Immediately before surgery, the wool was shorn. A dose of procaine penicillin G (Norocillin Injection, 300 000 units/mL; Norbrook, Lenexa, Kansas, USA), 22 000 IU/kg body weight (BW), IM, and flunixin meglumine (Banamine Injectable Solution, 50 mg/mL; Intervet/Schering-Plough Animal Health, Summit, USA), 1.1 mg/kg BW, IV, were given to all ewes 15 min before surgery. All ewes were sedated with a combination of butorphanol tartrate (Butorphic Injection, 10 mg/mL; LLOYD Laboratories, Shenandoah, Iowa, USA), 0.025 mg/kg BW, IV, xylazine hydrochloride (AnaSed Injection, 20 mg/mL; LLOYD Laboratories), 0.05 mg/kg BW, IV, and ketamine hydrochloride (KetaVed, 100 mg/mL; Vedco, St. Joseph, Missouri, USA), 1 mg/kg BW, IV (25) to induce recumbency. Ewes were placed in dorsal recumbency and limbs were attached to the surgery table in abduction and partial extension to facilitate access to the caudal ventral region of the abdomen. The ventral abdomen was clipped from the xyphoid to the cranial aspect of the udder and cleansed using iodine surgical scrub. A line block was performed with 2% lidocaine hydrochloride (Lidocaine Hydrochloride Injection, 20 mg/mL; Hospira, Lake Forest, Illinois, USA) infused subcutaneously along the linea alba beginning immediately cranial to the udder and extending cranially for 10 cm. The skin was aseptically prepared using alternating scrub cycles with iodine surgical solution and 70% isopropyl alcohol.

Surgical procedures

All laparotomies were performed during a total of 5 d over a period of 10 d. Sheep were randomly assigned to a day of surgery (surgical day 1, 2, 3, 4 or 5) blocked by their assignment to treatment diets. A longitudinal skin incision was performed over the linea alba using a No. 21 scalpel blade starting at the brim of the pelvis immediately cranial to the base of the udder and extending for 10-cm cranially towards the umbilicus. A plane of dissection was established through the subcutaneous tissue adjacent to a subcutaneous vein usually located parallel and immediately ventral to the linea alba until the linea alba was exposed. The abdominal wall was grasped with thumb tissue forceps and tented, and a stab incision was made through the linea alba using a No. 10 scalpel blade.
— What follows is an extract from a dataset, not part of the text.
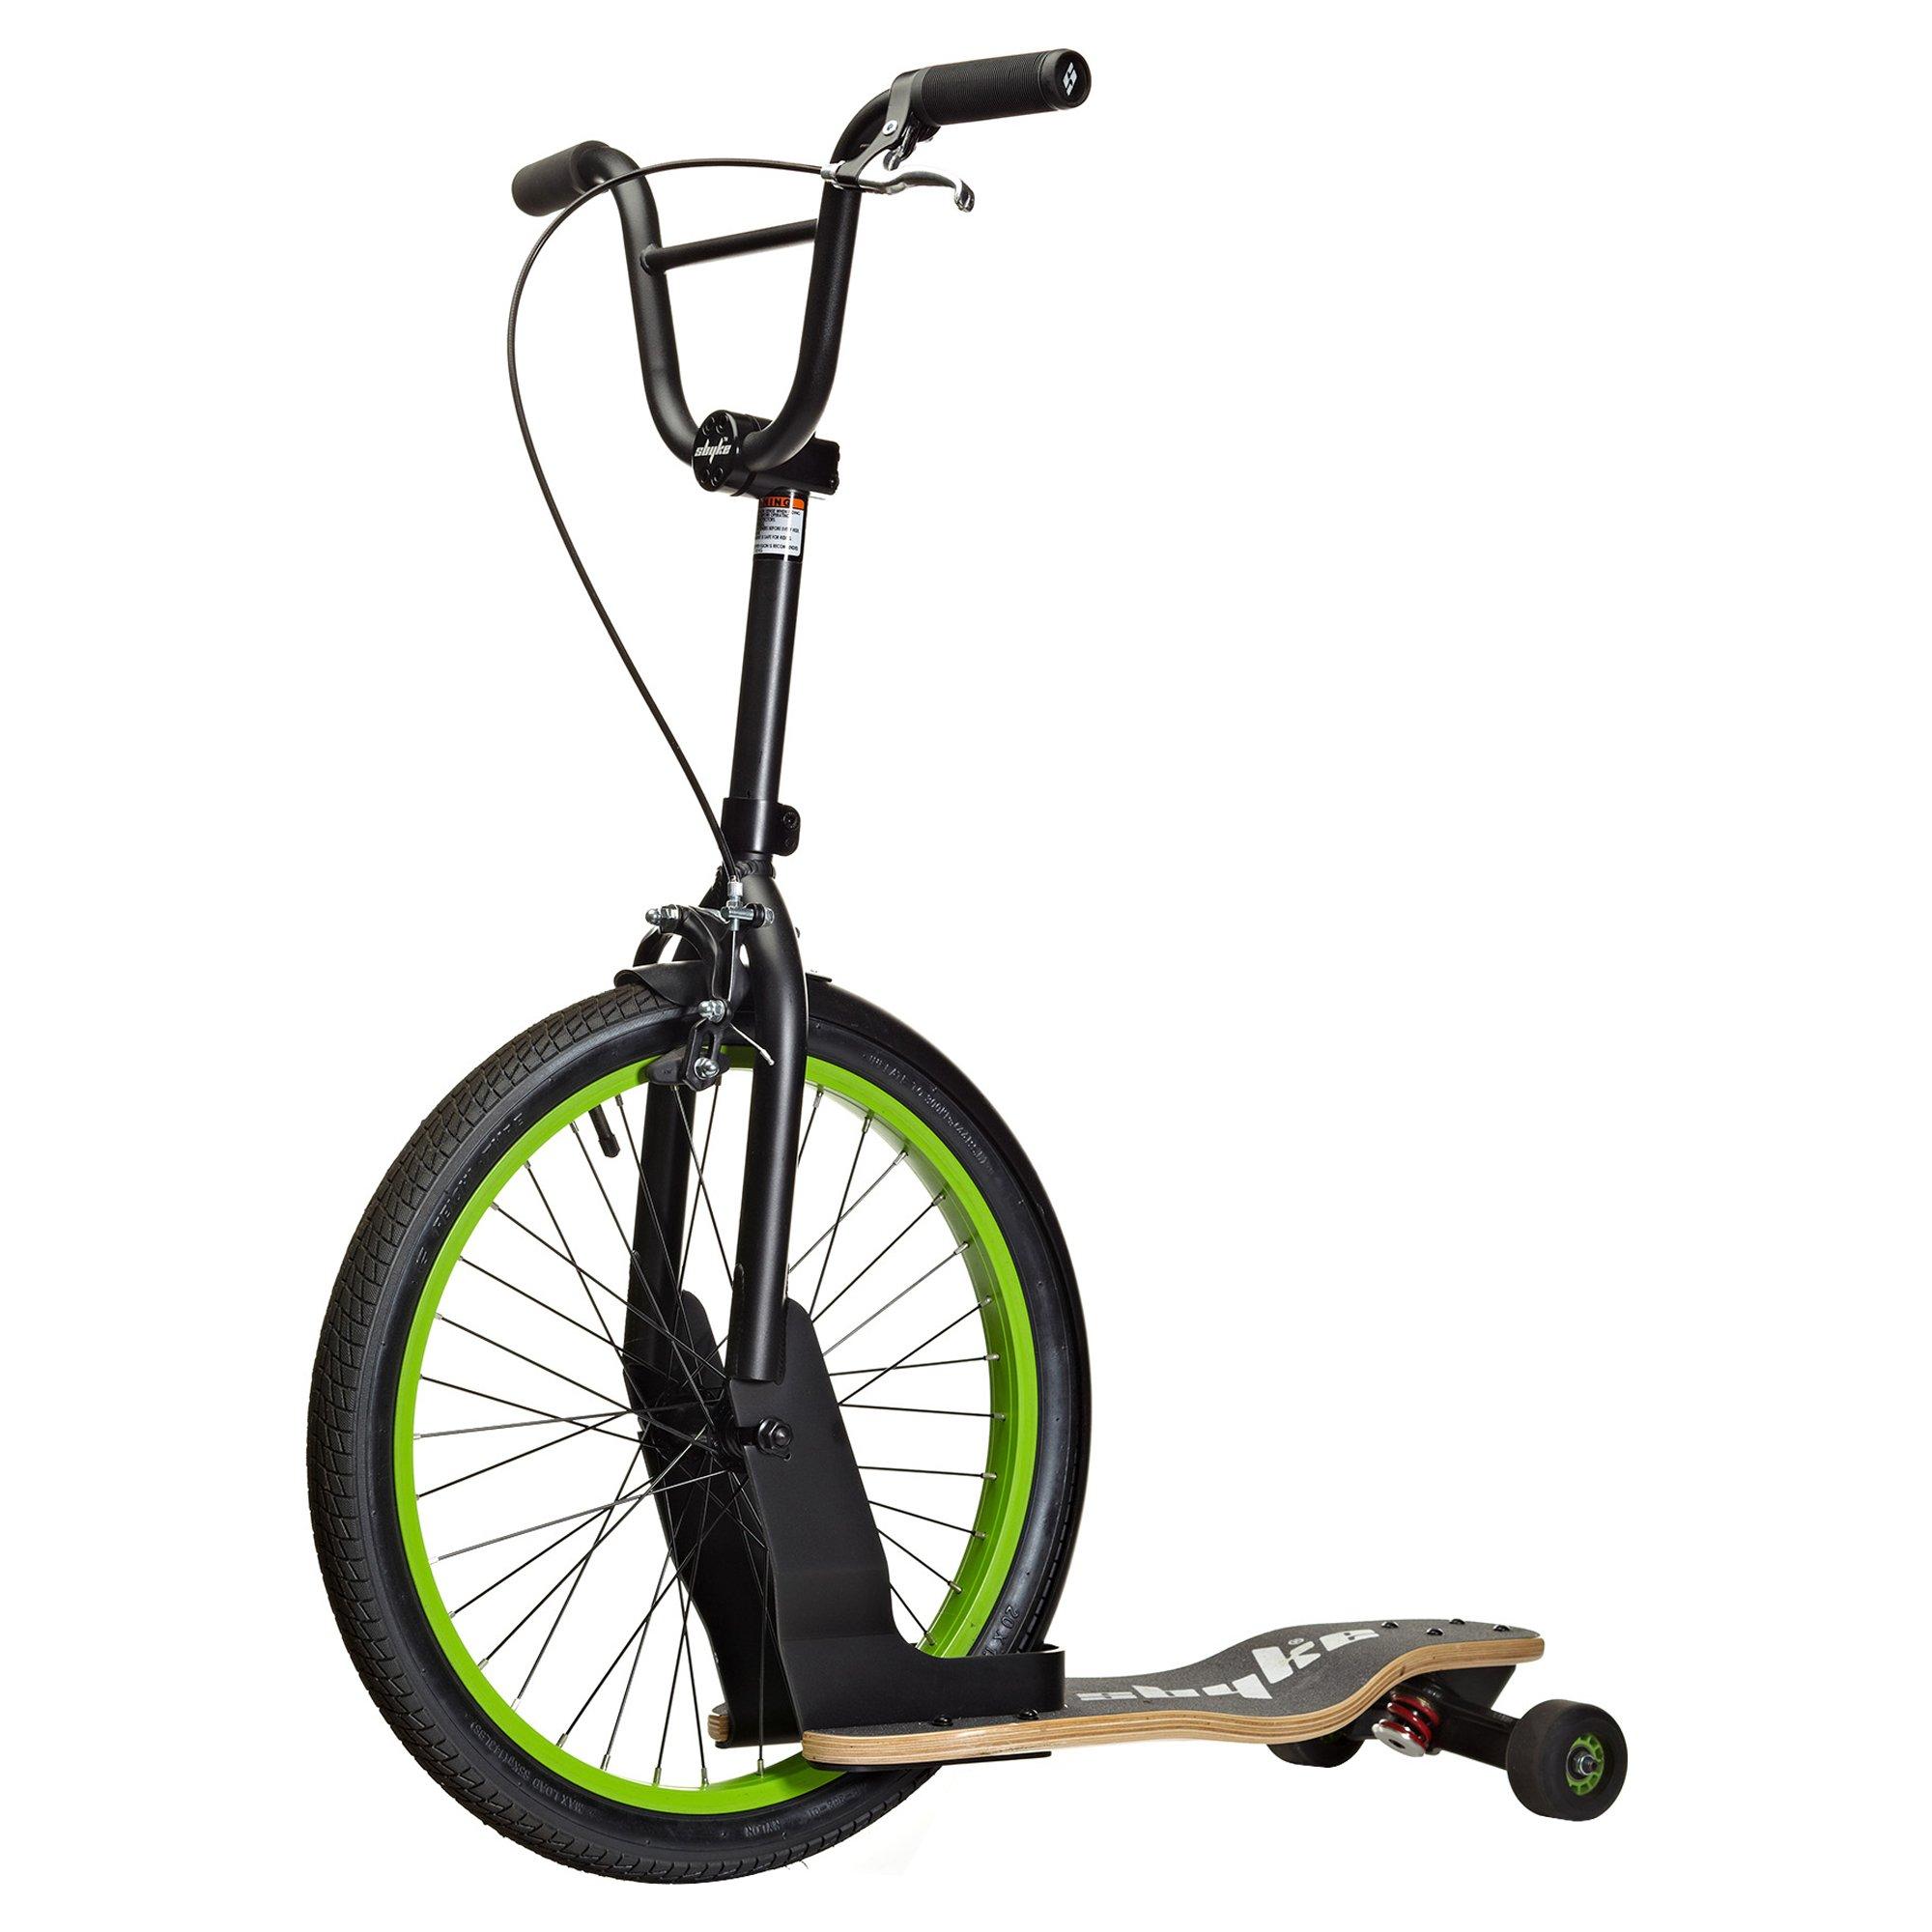 Sbyke Scooter for Kids and Adults: Coasts Like a Bike, Carves Like a Skateboard, patented Rearsteer technology by SBYKE

Using Metzenbaum scissors, the incision was continued through the linea alba and peritoneum. Following opening of the abdominal cavity, the animal was placed in a 30° Trendelenburg position to facilitate exposure to the caudal abdomen. The uterine horns and ovaries were localized by digital palpation and exteriorized through the incision. Follicular aspiration was performed by a surgery assistant using a sterile tuberculin syringe and needle. Following follicular aspiration, the animal was replaced in the initial level position. The linea alba was apposed in a simple continuous pattern using either USP No. 1 polydioxanone (PDS II, Ethicon Endo-Surgery, Somerville, New Jersey, USA; group PD) or USP No. 1 polyglactin 910 (Coated VICRYL, Ethicon Endo-Surgery; group PG). Following closure of the linea alba, the skin was apposed in a simple continuous pattern using USP No. 1 polypropylene (PROLENE, Ethicon Endo-Surgery). Ewes were confined to a pen for 5 d after surgery in order to limit exercise.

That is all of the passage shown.